Performance on the object-discrimination task is probably maintained by processes similar to those underlying certain types of learning that are spared in amnesic patients, and it is, therefore, inappropriate for modeling their memory impairment. Tests of recognition are more appropriate. We are now using the procedure of giving multiple exposures to the sample object in the novelty-preference task (5 min on 5 consecutive days) to conduct studies of retrograde object-recognition in brain-damaged rats. In one experiment rats were familiarized with a sample object either 5 weeks or 1 week before receiving HPC lesions. On postsurgery novelty-preference tests, sham-lesion rats recognized the sample objects but HPC rats did not; there was no evidence of a temporal gradient (Gaskin et al., 2003). Given the substantial evidence that HPC damage has negligible effects on anterograde object recognition, we were surprised to find retrograde recognition deficits. Of theoretical significance, the ungraded effect is consistent with the multiple-trace theory of memory consolidation, which gives the HPC a lasting role in long-term memory for certain kinds of information. It is inconsistent with theories which suggest the HPC has only a temporary role in long-term memory. The multiple-trace theory also predicts that the slope of temporal gradients in retrograde amnesia depends on the size of the HPC lesion, with smaller lesions producing steeper temporal gradients, and complete lesions producing severe and ungraded retrograde amnesia. The HPC lesions in all of our studies have been extensive, involving in most cases the entire dorsal hippocampus, and most of the ventral HPC, with variable damage to the subiculum. We plan to examine the effects of lesion size (dorsal HPC vs. ventral HPC vs. complete HPC) on retrograde memory in the water maze and novelty-preference task—the two tasks on which we have already seen non-graded retrograde amnesia after complete HPC lesions.
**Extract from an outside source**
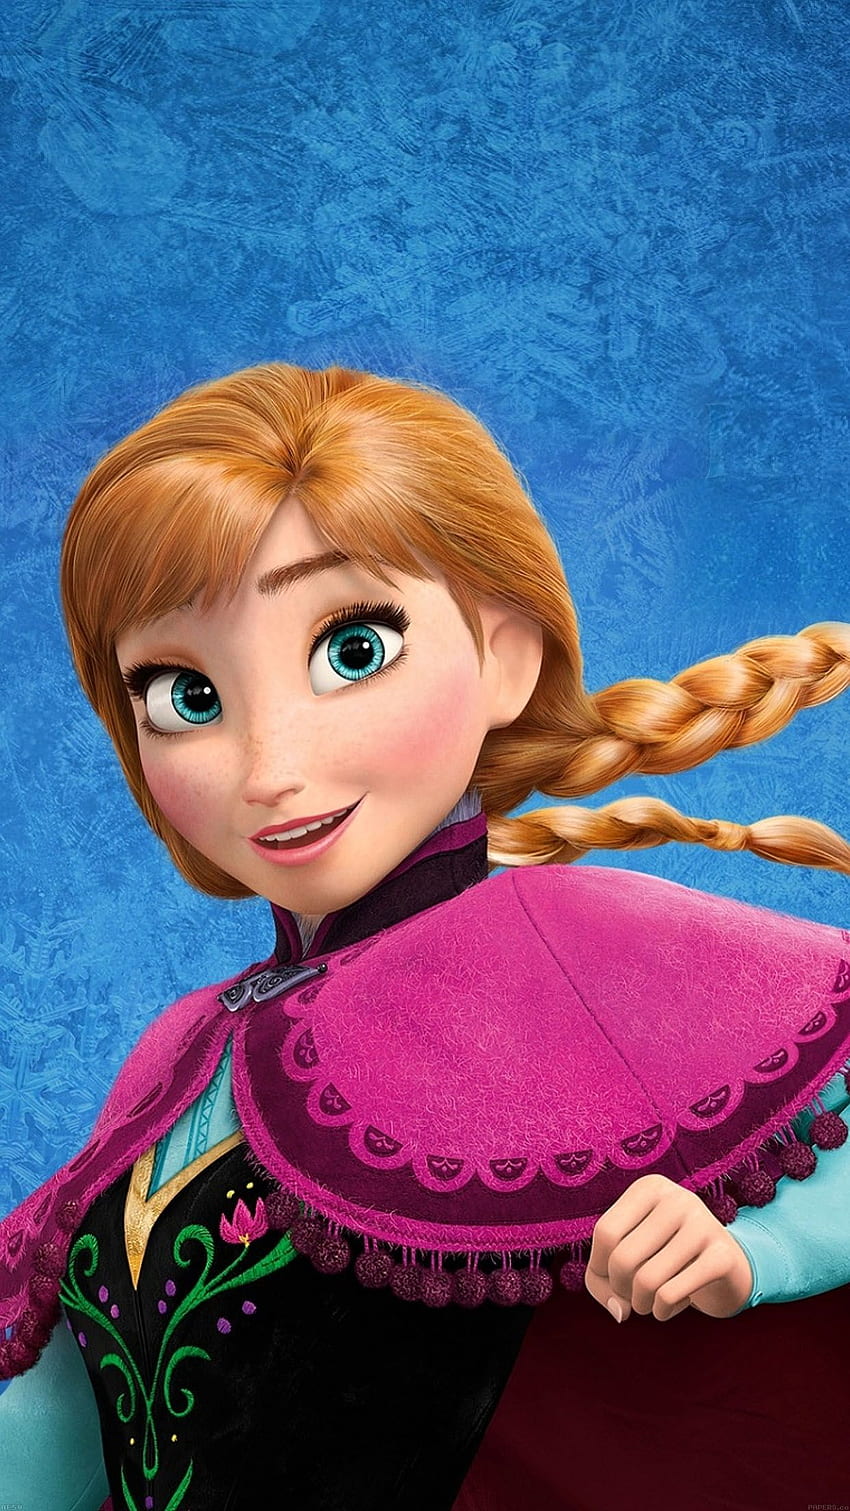 Frozen Disney Princesa Anna de Arendelle Illust Papel de parede de celular HD

Retrograde Memory after Extensive Perirhinal Cortex Damage

In several experiments using the object-discrimination task, we found no evidence that Perirhinal cortex lesions impair retrograde memory for object-reward associations. In one experiment, rats learned several object-discrimination problems 4 weeks and 1 week before receiving PeRh lesions. Following recovery, the rats were tested on the previously learned object-discrimination problems. Rats with PeRh lesions displayed no evidence of retrograde amnesia for object-discrimination problems learned either 4 weeks or 1 week before surgery (Mumby et al., 2002).

We also conducted the first studies of retrograde object recognition in rats with PeRh lesions. Rats were familiarized with a sample object, 5 weeks, 3 weeks, or 1 week before receiving PeRh lesions or sham surgery. After surgery, control rats recognized the sample objects but the PeRh rats did not. Importantly, the same rats that received PeRh-lesions displayed normal retrograde memory for object discriminations that they had learned before surgery (Mumby et al., 2002). The findings suggest PeRh damage impairs rats' ability to discriminate the familiarity of objects previously encountered before or after surgery, and that the object-discrimination task does not require this ability.